Task brief:
Would you print the data below exactly, leaving out every picture?

Data:
Content starts
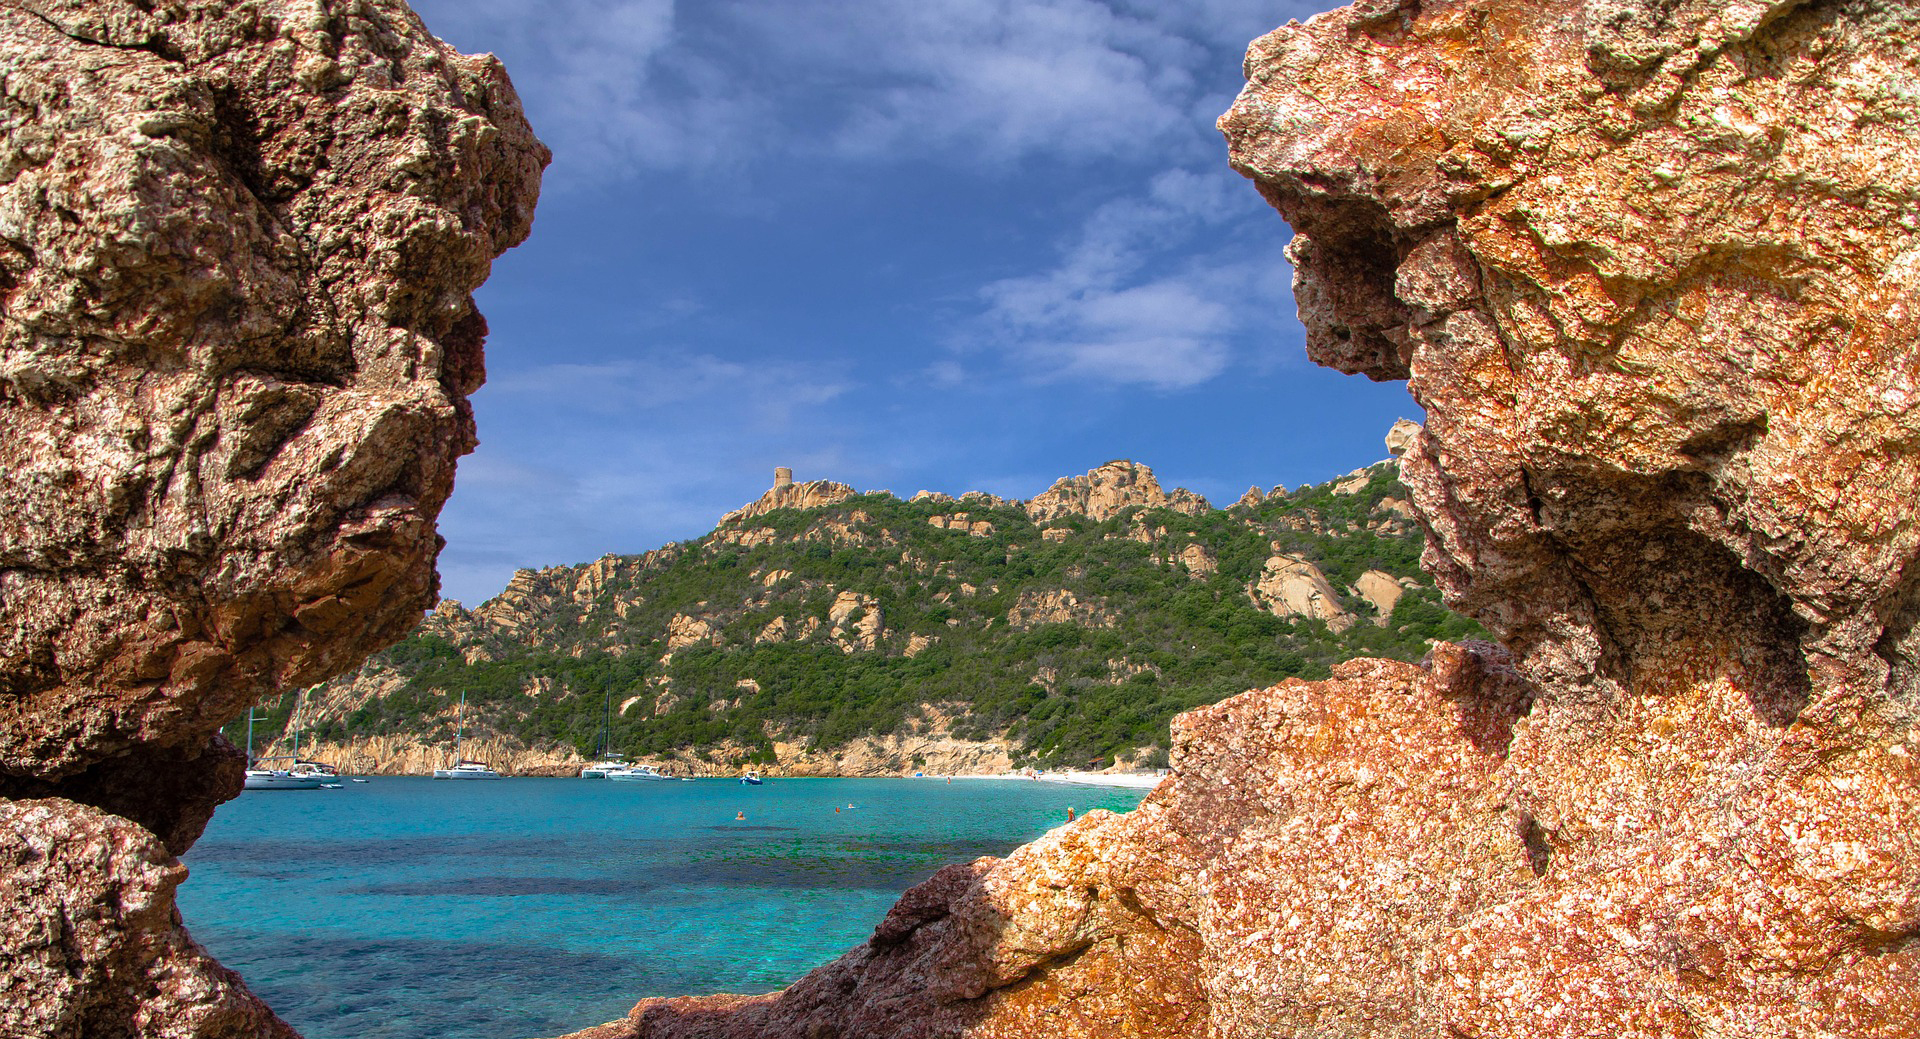 la Corse au printemps
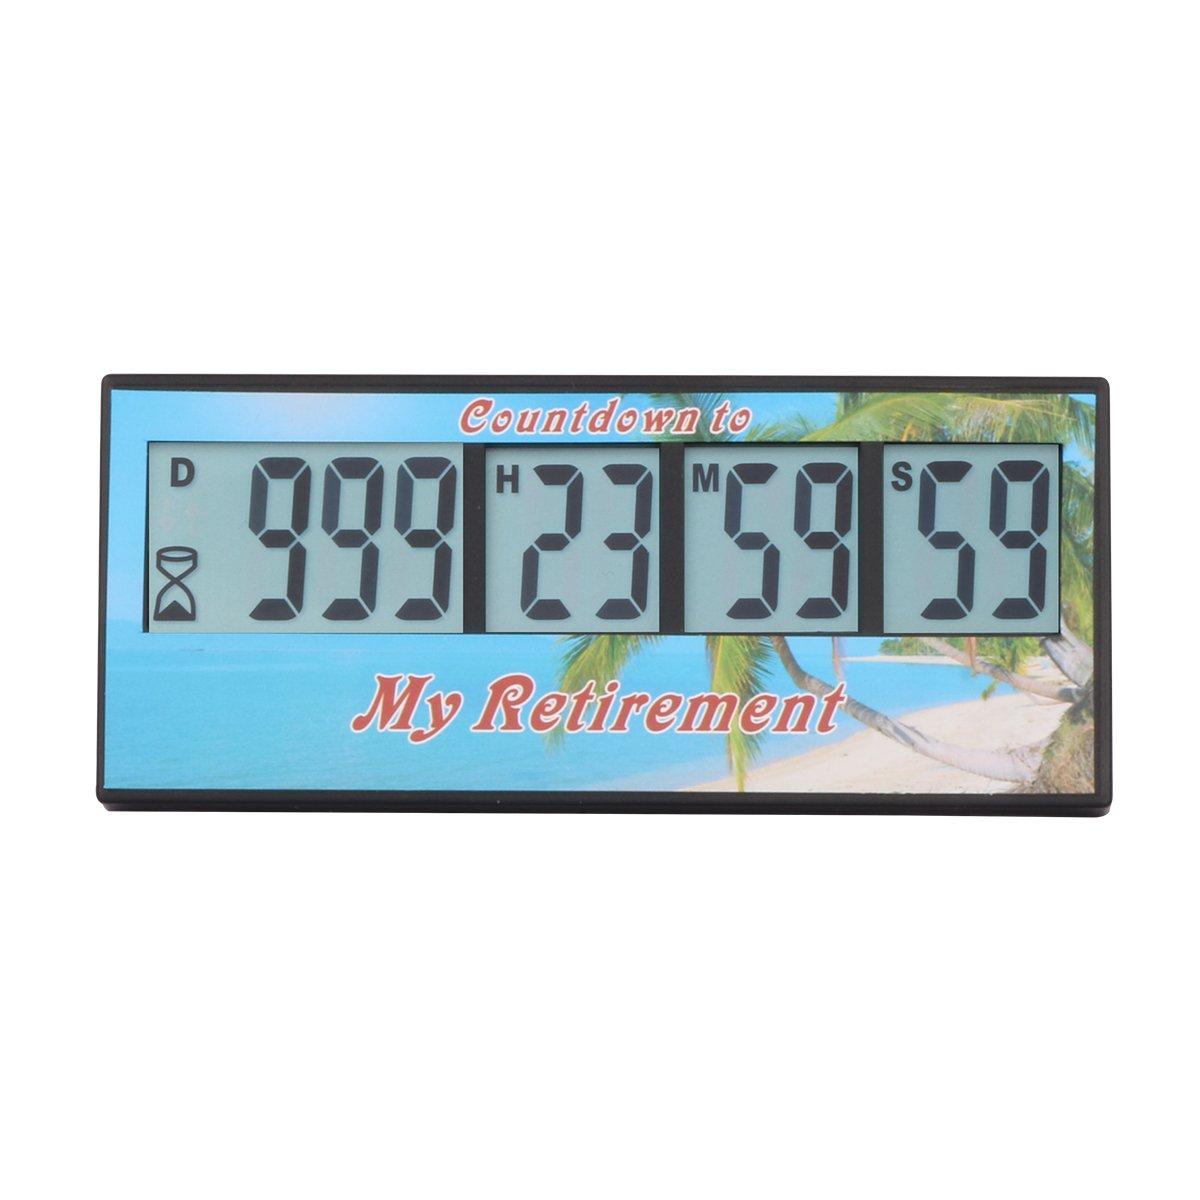 Digital Retirement Countdown Timer - AIMILAR 999 Days Count Down Timer (3-Year Warranty)
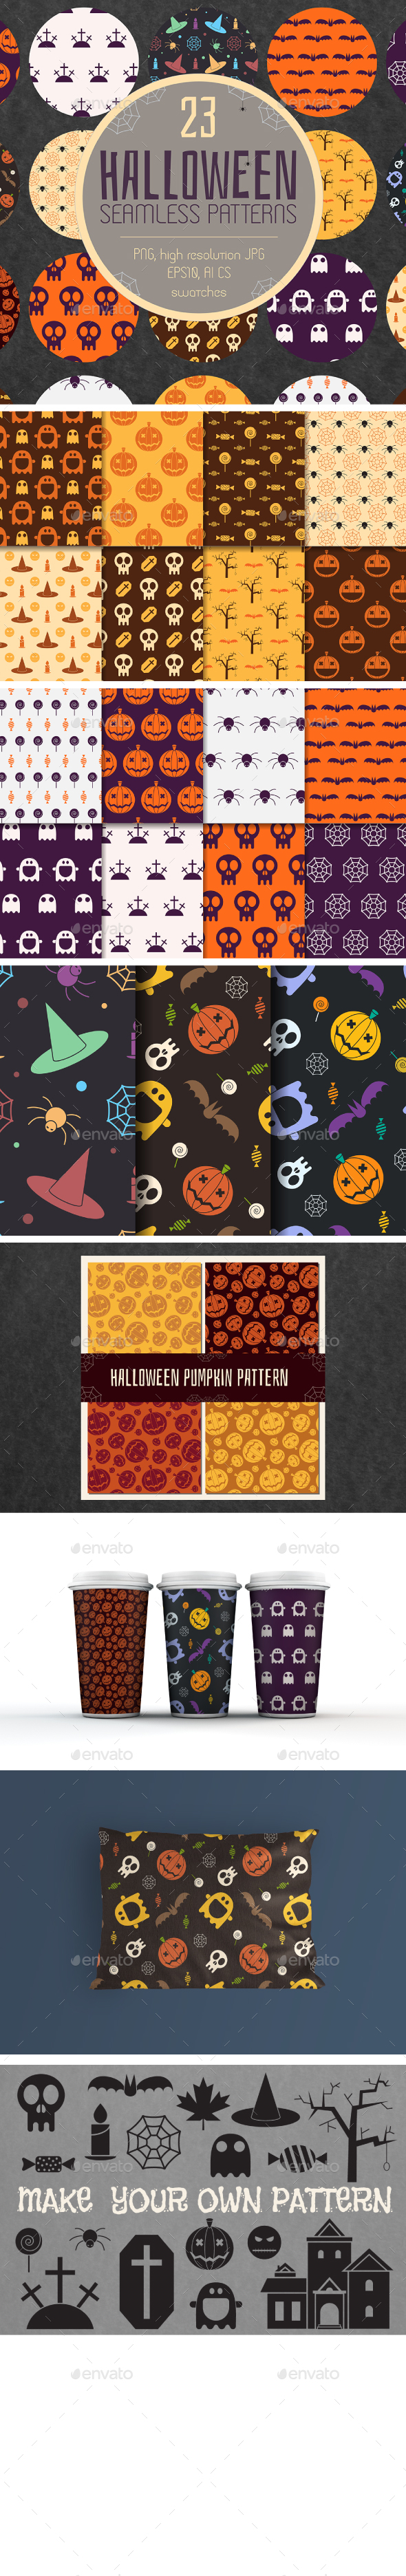 23 Halloween Seamless Patterns Pack
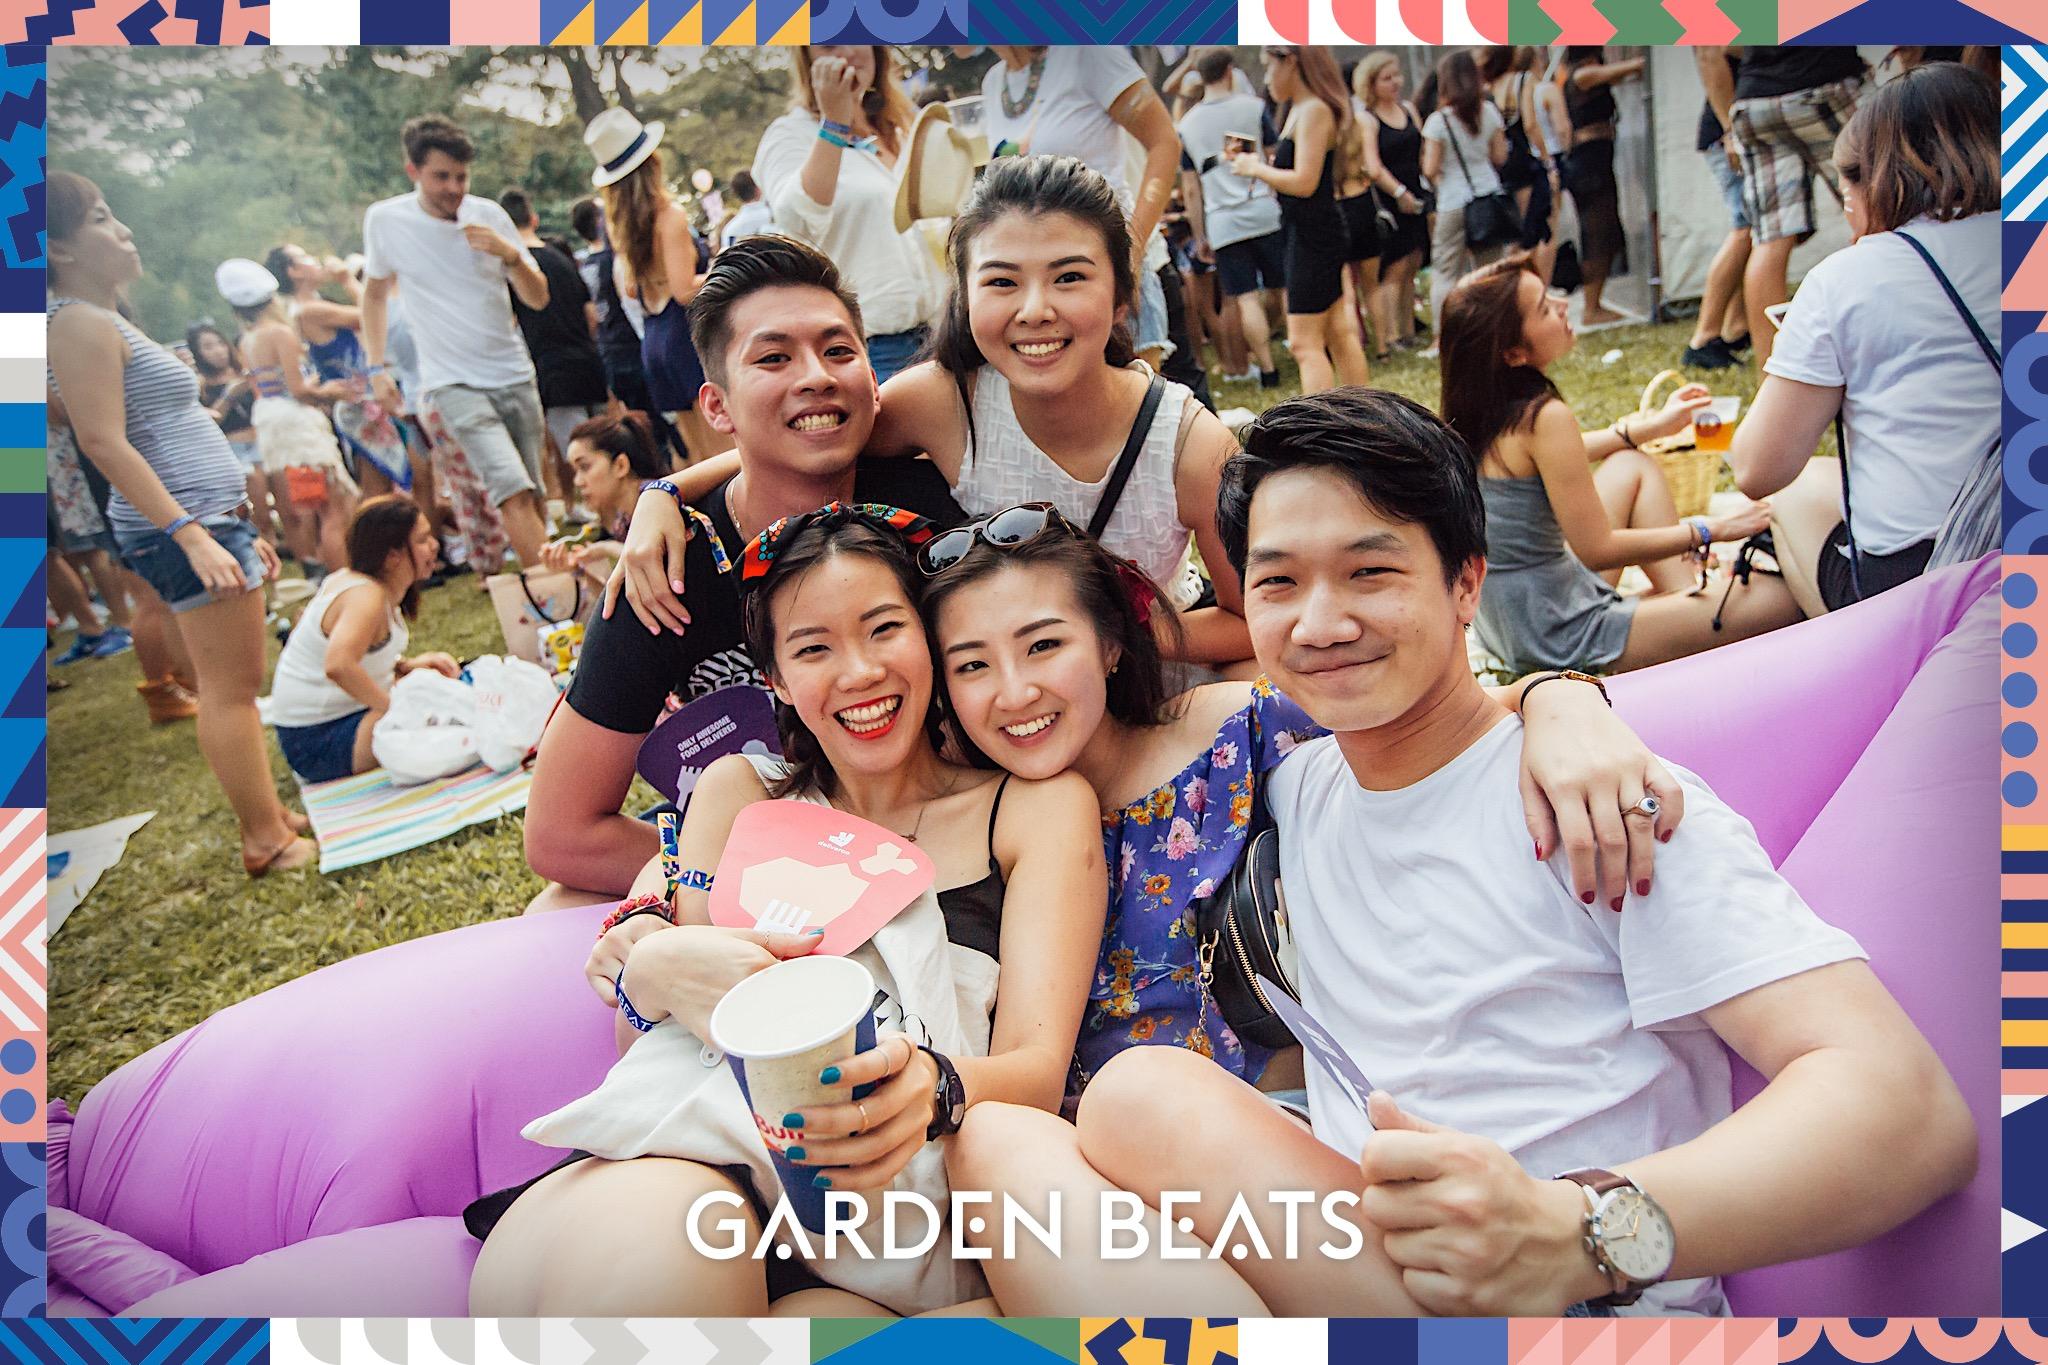 18032017_GardenBeats_Colossal687_WatermarkedGB.jpg
Content ends
Expected answer:
 la Corse au printemps
 Digital Retirement Countdown Timer - AIMILAR 999 Days Count Down Timer (3-Year Warranty)
 23 Halloween Seamless Patterns Pack
 18032017_GardenBeats_Colossal687_WatermarkedGB.jpg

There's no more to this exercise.